By Khutso Maphatsoe | 13 March 2020 | Published on EngineeringNews
For fast-moving consumer goods (FMCG) companies to increase profits and remain cost efficient, value chain software company MACmobile believes that such companies need to consider merging artificial intelligence (AI) with the data generated in their supply chain.
Owing to the amount of data being created, stored and transformed into actionable insights, machine learning and AI will be required to run the logic and calculations.
MACmobile commercial director Andrew Dawson believes that, within a company’s operations, there are sections that can provide increased profits, but are not being explored.
“For example, you are running a distribution business and you have six distribution centres that distribute to 20 wholesalers, who, in turn, distribute to the retail industry. One of the wholesalers has sales on a particular stock that is consistent with 16 of its retail entities and the product is not being bought at four of the retailers because of religious, cultural or competitive reasons. If the distributor is not aware of this, the distribution centres will have ‘dead stock’ because the product is not being sold.”
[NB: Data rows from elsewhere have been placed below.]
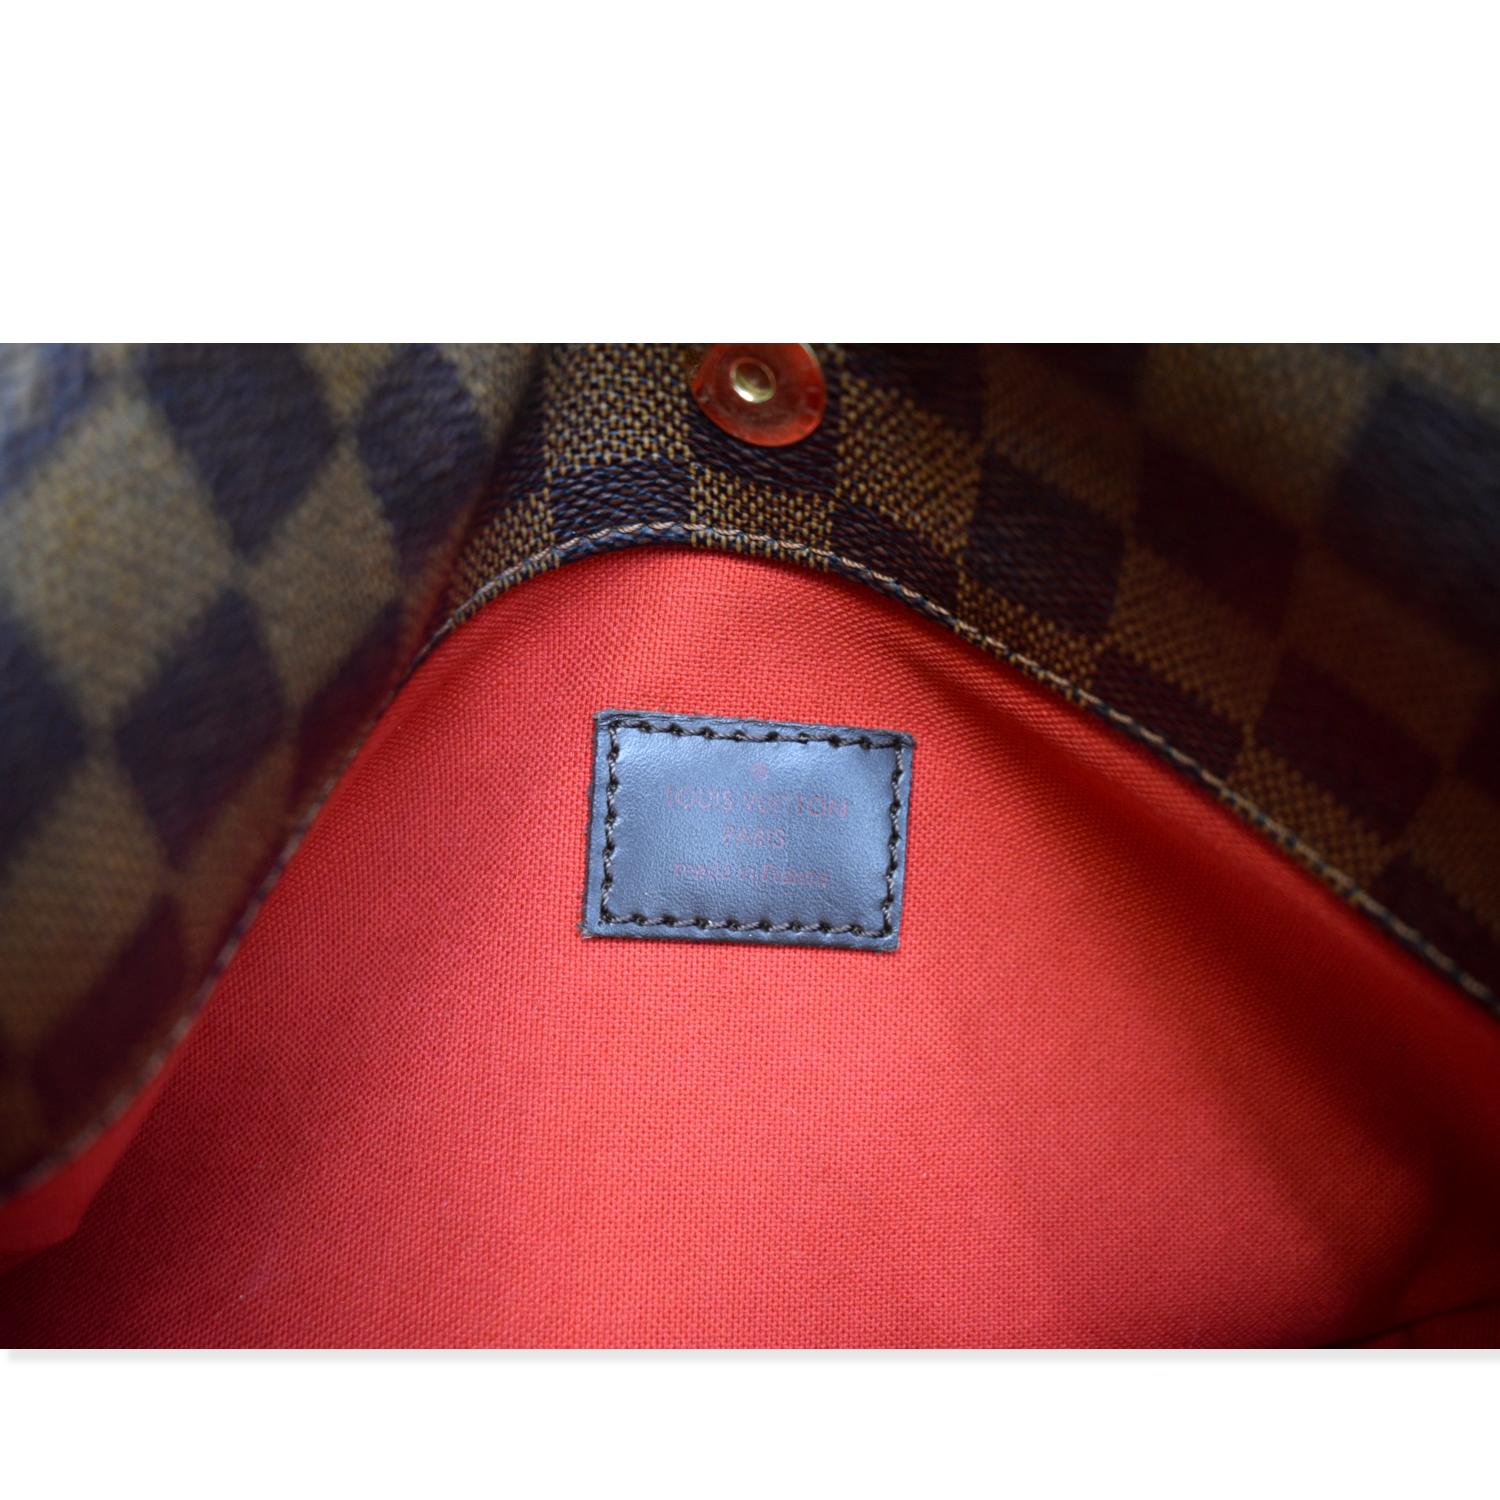 Louis Vuitton Damier Ebene Bloomsbury PM Crossbody Bag 88lk817s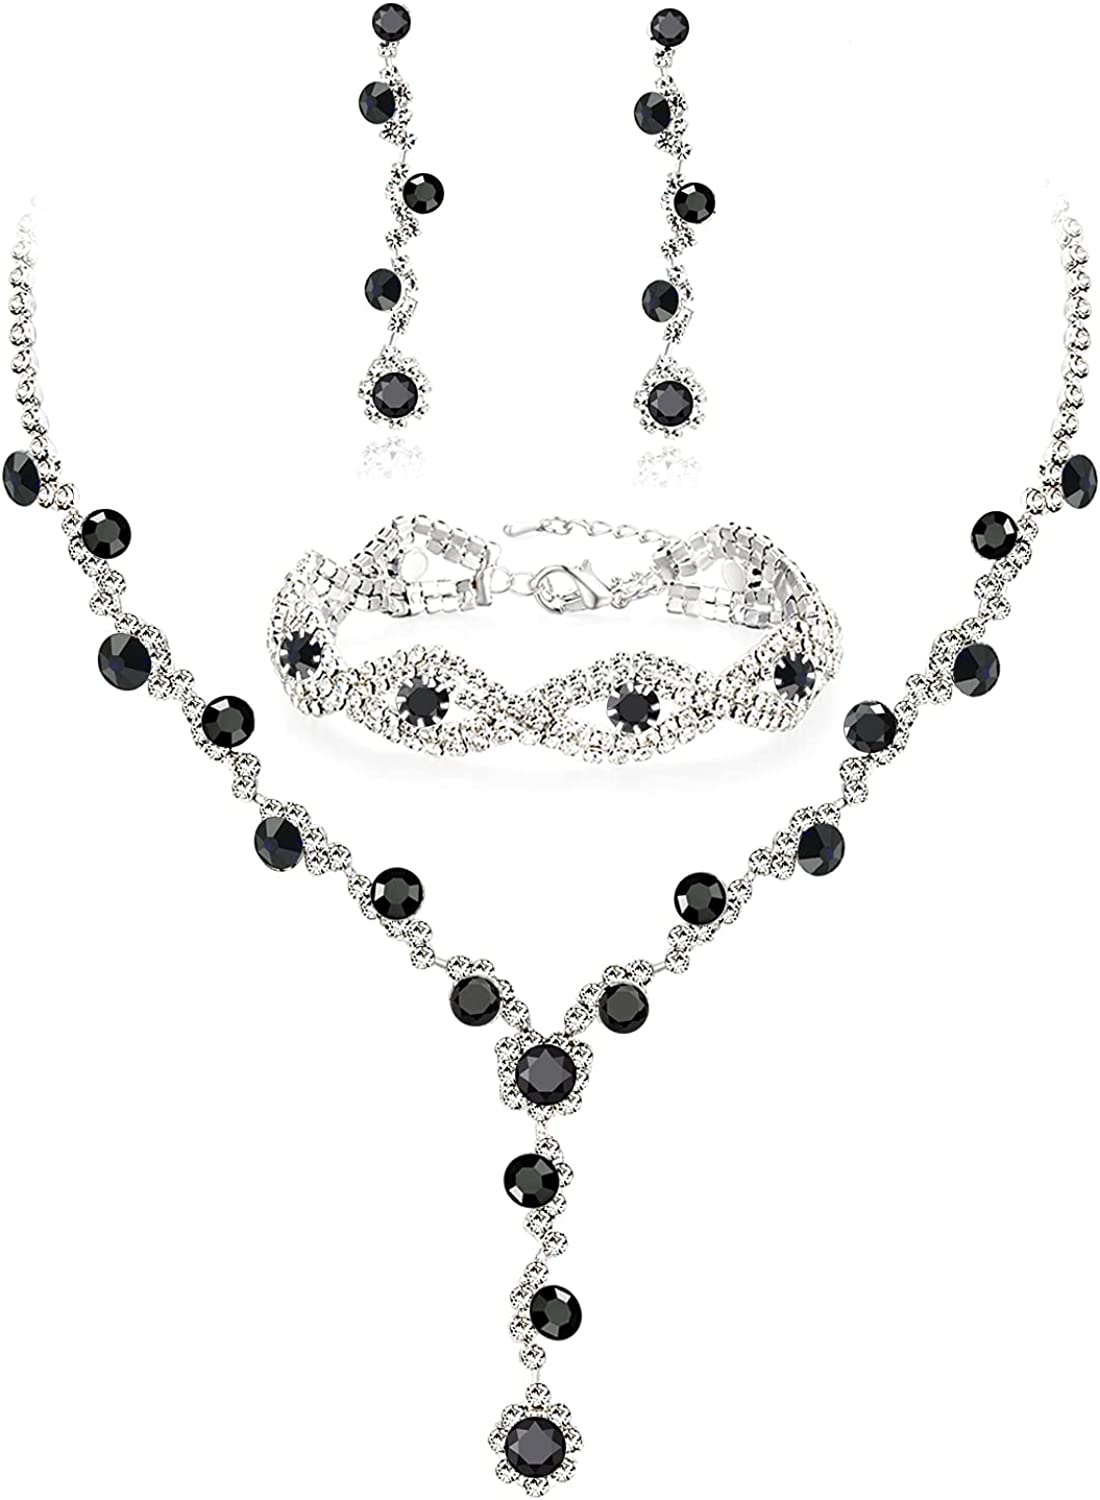 Floral Cluster Crystal Black Rhinestone Bridal Jewelry Sets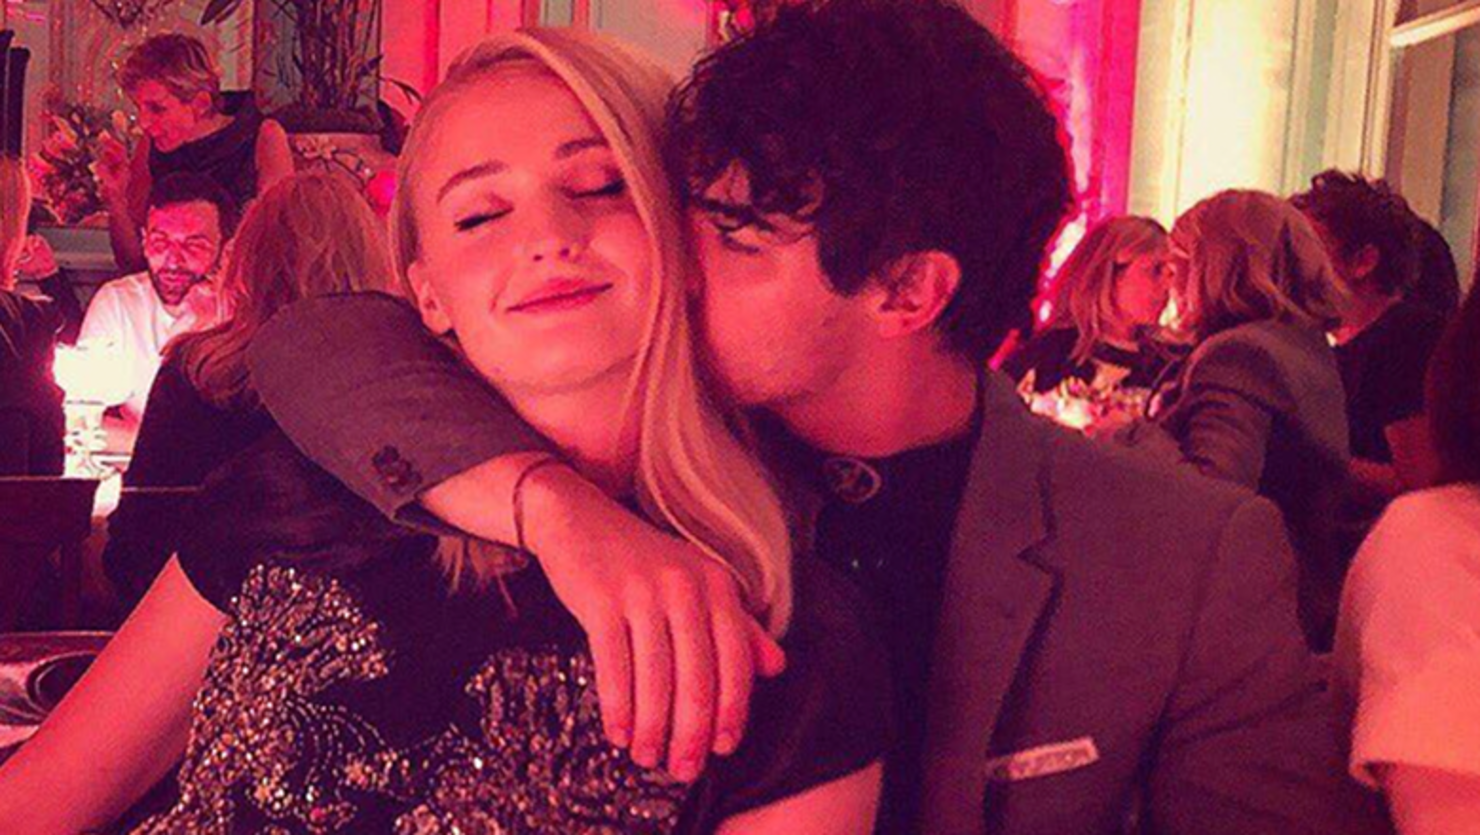 Joe Jonas takes daughters out on Halloween as Sophie Turner kisses  aristocrat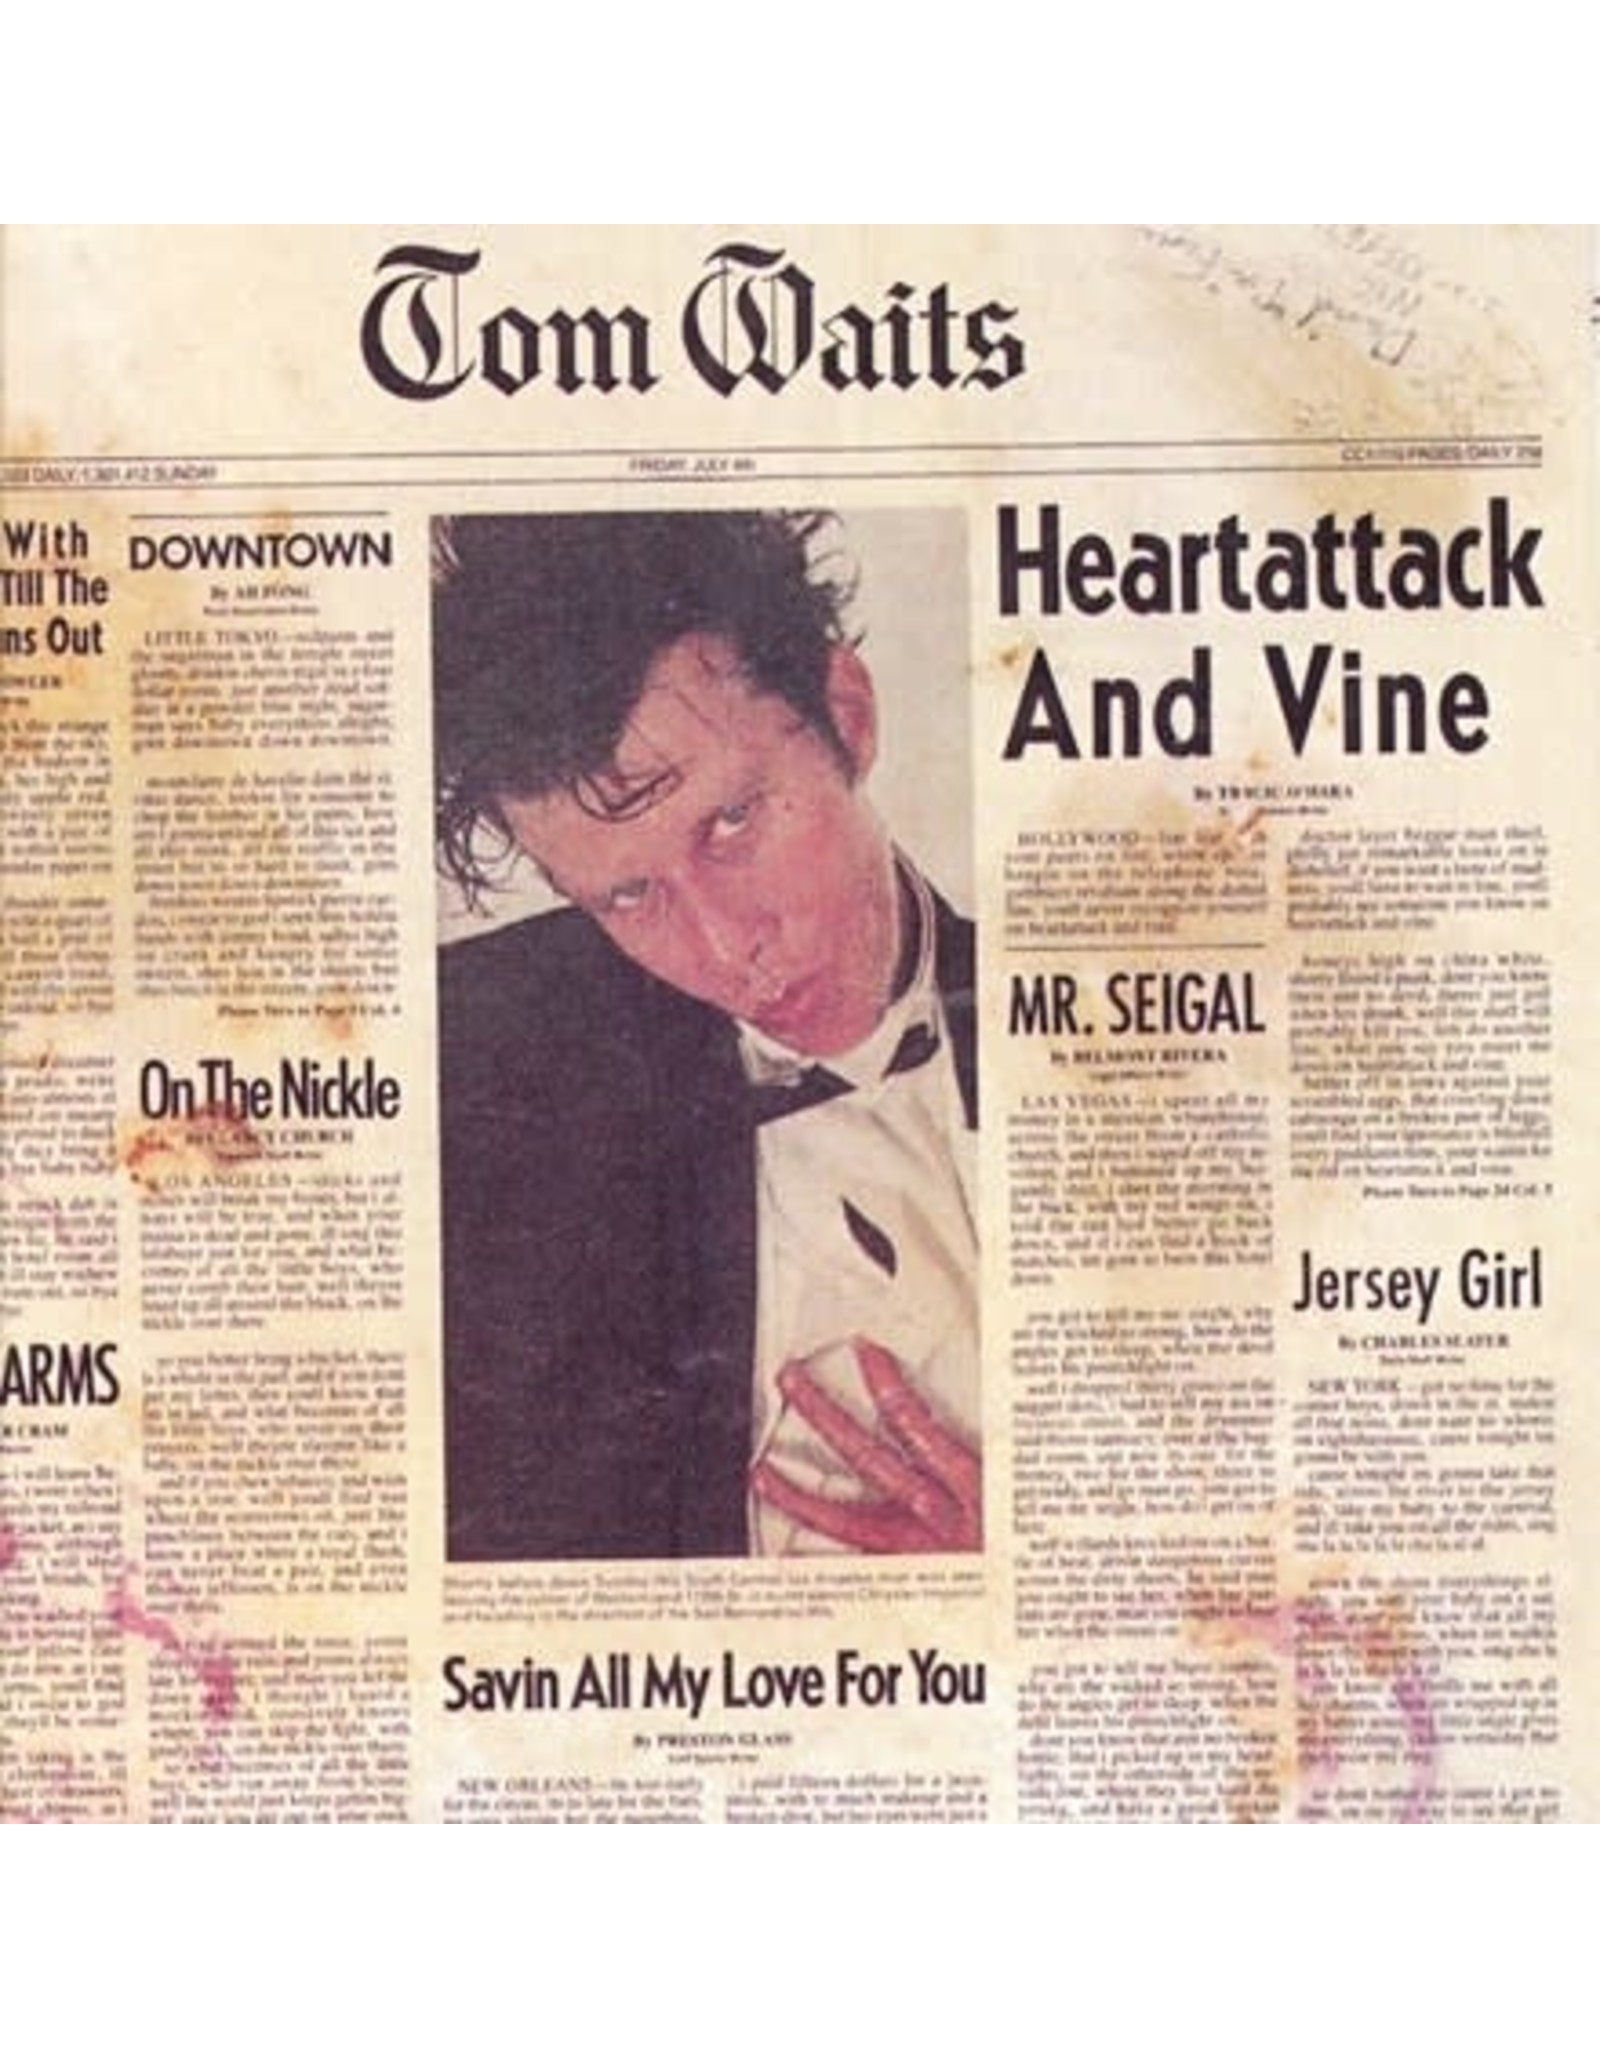 Anti Waits, Tom: Heartattack and Vine LP

Identifying the reasons for their retail market not buying a particular product will enable distributors to identify where profit can be leveraged or maximised rapidly by moving the stock into other centres.
“Having ‘dead stock’, or stock that is not moving in the distribution centre, is wasting money. That stock not moving or being sold will result in money being wasted. This is an area where data interpretation can make a difference on profitability,” he says.
However, Dawson points out that technology in the FMCG industry needs to be combined, as he has found that a software company can supplies a FMCG company with mobility in the form of a mobile application running on a smartphone.
The processes and parties in the supply chain would generally translate to there being three sets of technologies in the supply chain, but they do not link from a data collaboration perspective.
The manufacturer typically runs a manufacturing resource planning solution that manages the production of stock. The distribution and warehousing typically runs a warehouse management solution and distribution management solution to manage inventory levels and fleet management. The sales and delivery and the face of the supply chain, typically runs some form of customer relationship management or order/invoice application to capture sales and deliveries.
All processes and software sit on top of some form of enterprise resource planning or accounting solution to run the financials.
FMCG companies need to delve into the merging of data from all segments of their supply chain using AI to historically trace data from the past three to five years to start maximising their profits, says Dawson.
Consequently, the companies could then overlay the collected data onto their forecast for the next year or two u sing machine learning, he adds.
“This will start giving clear ideas on trends and trend analyses, and that is where FMCG companies can become cost efficient – by understanding the various factors that form part of the market.”
Using technology will enable distributors to acquire feedback on all their products through the amount of data that is collected. “A trained professional might be able to identify the trends, but using AI will identify them much quicker,” he highlights.
Although there are various platforms available that can be used to collect and analyse data, the challenge is to synchronise the different data streams to work as one, Dawson concludes.